Benchmark and evaluation of LLM memory systems on the LOCOMO dataset.
| Directory | Description |
|---|---|
main.py |
Demo script for Huawei Cloud AgentArts Memory SDK |
memory-locomo-benchmark/ |
LOCOMO benchmark for AgentArts Memory (BLEU, F1, LLM Judge) |
memobase/ |
Forked Memobase with reference LOCOMO benchmark |
Evaluates AgentArts Memory on the LOCOMO dataset using dual-perspective sessions and memory search, scored with BLEU-1, token F1, and LLM Judge.
cd memory-locomo-benchmark
# Configure environment
cp .env.example .env # Edit with your credentials
# Run full pipeline
uv run python run.py add --max_samples 10 # Write conversations to memory
uv run python run.py search --output results.json # Retrieve & answer questions
uv run python run.py eval --input results.json # Score (BLEU/F1/LLM Judge)
uv run python run.py score --input evals.json # Aggregate by category| Variable | Description |
|---|---|
AGENTARTS_MEMORY_REGION |
AgentArts Memory region (e.g. cn-southwest-2) |
AGENTARTS_MEMORY_API_KEY |
AgentArts Memory API key |
AGENTARTS_MEMORY_SPACE_ID |
AgentArts Memory space ID |
ANSWER_LLM_BASE_URL |
OpenAI-compatible endpoint for answer generation |
ANSWER_LLM_API_KEY |
API key for answer LLM |
ANSWER_LLM_MODEL |
Model name for answer generation |
JUDGE_LLM_BASE_URL |
OpenAI-compatible endpoint for LLM Judge |
JUDGE_LLM_API_KEY |
API key for judge LLM |
JUDGE_LLM_MODEL |
Model name for LLM Judge |
- add -- Parse LOCOMO conversations, create dual-perspective sessions (one per speaker), write messages to AgentArts Memory, wait for memory extraction.

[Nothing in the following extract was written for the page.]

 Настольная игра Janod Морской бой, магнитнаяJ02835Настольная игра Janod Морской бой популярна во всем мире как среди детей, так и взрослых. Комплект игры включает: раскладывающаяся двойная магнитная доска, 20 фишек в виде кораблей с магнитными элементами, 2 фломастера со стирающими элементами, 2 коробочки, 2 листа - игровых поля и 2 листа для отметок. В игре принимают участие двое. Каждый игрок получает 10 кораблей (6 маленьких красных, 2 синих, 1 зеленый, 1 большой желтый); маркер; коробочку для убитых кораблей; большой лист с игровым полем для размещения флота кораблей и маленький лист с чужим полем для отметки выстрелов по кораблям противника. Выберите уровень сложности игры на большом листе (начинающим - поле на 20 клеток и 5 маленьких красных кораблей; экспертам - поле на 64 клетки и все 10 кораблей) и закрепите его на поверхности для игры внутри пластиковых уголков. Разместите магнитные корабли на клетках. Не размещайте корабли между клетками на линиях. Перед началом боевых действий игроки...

- search -- For each QA pair, search memories using the question as query, format retrieved memories, call LLM to generate an answer.

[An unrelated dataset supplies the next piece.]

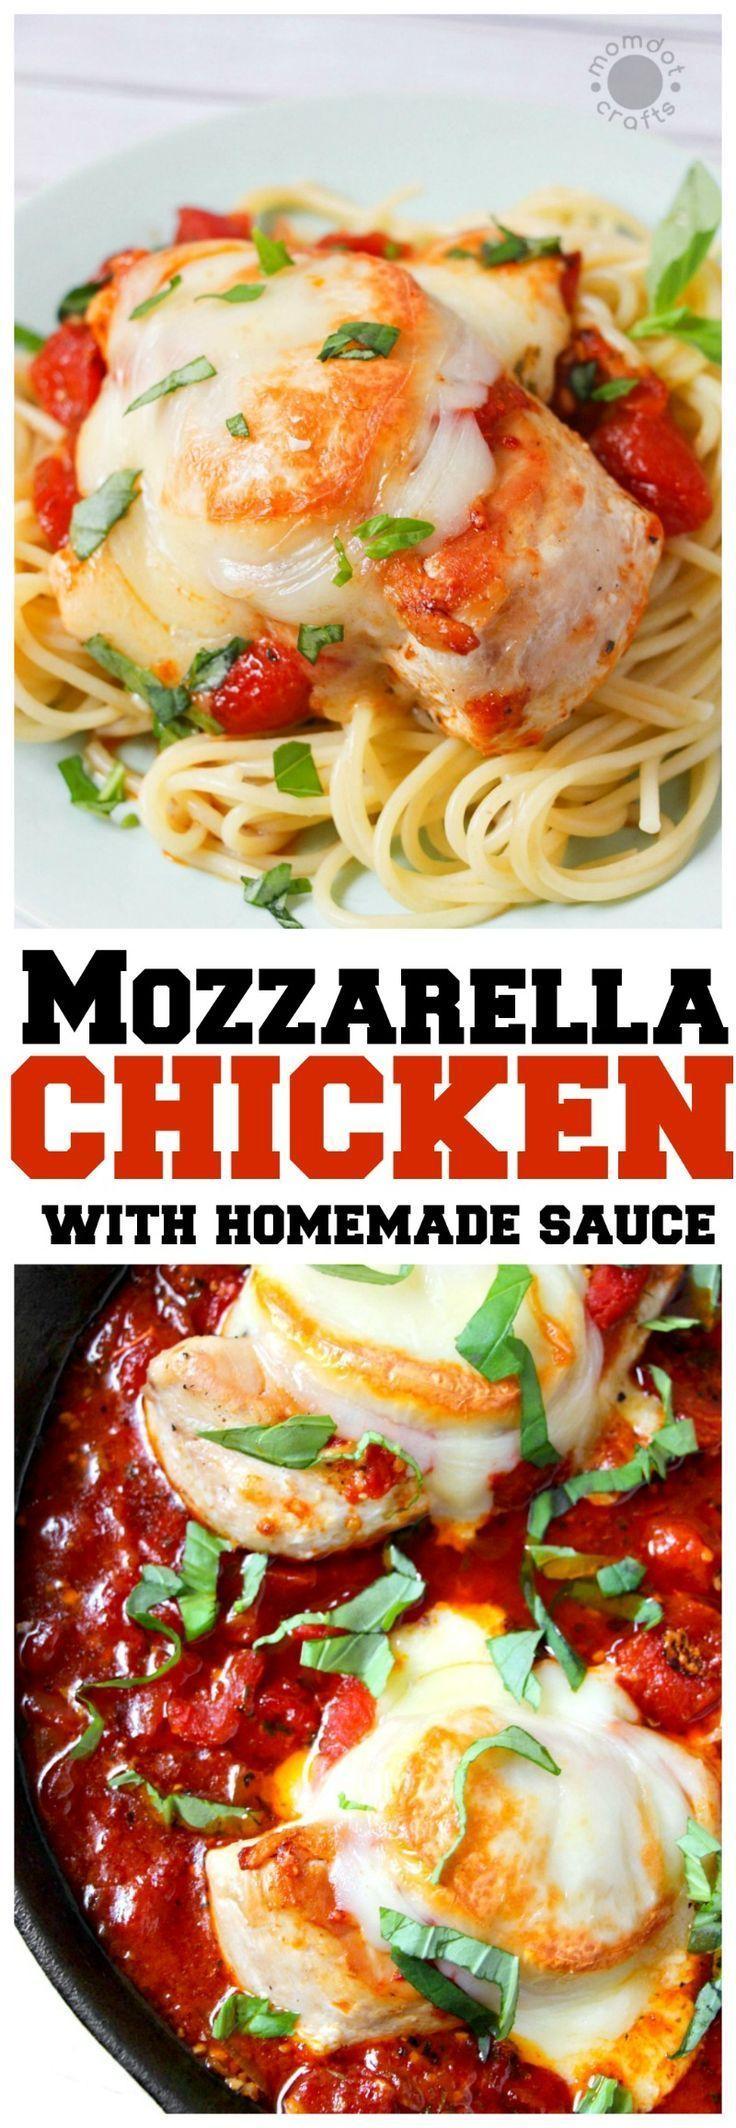 Mozzarella Chicken with Quick Homemade Sauce

- eval -- Compute BLEU-1, token F1, and binary LLM Judge (CORRECT/WRONG) for each question.
- score -- Aggregate metrics by LOCOMO category (single_hop, temporal, multi_hop, open_domain).
| Category | BLEU | F1 | LLM Judge | Count |
|---|---|---|---|---|
| single_hop | 29.03% | 38.61% | 60.64% | 282 |
| temporal | 16.61% | 20.09% | 19.63% | 321 |
| multi_hop | 18.22% | 23.46% | 41.67% | 96 |
| open_domain | 38.30% | 44.50% | 63.26% | 841 |
| Overall | 30.83% | 37.02% | 52.34% | 1540 |
Reference: Memobase v0.0.37 achieves 75.78% LLM Judge (with gpt-4o as judge).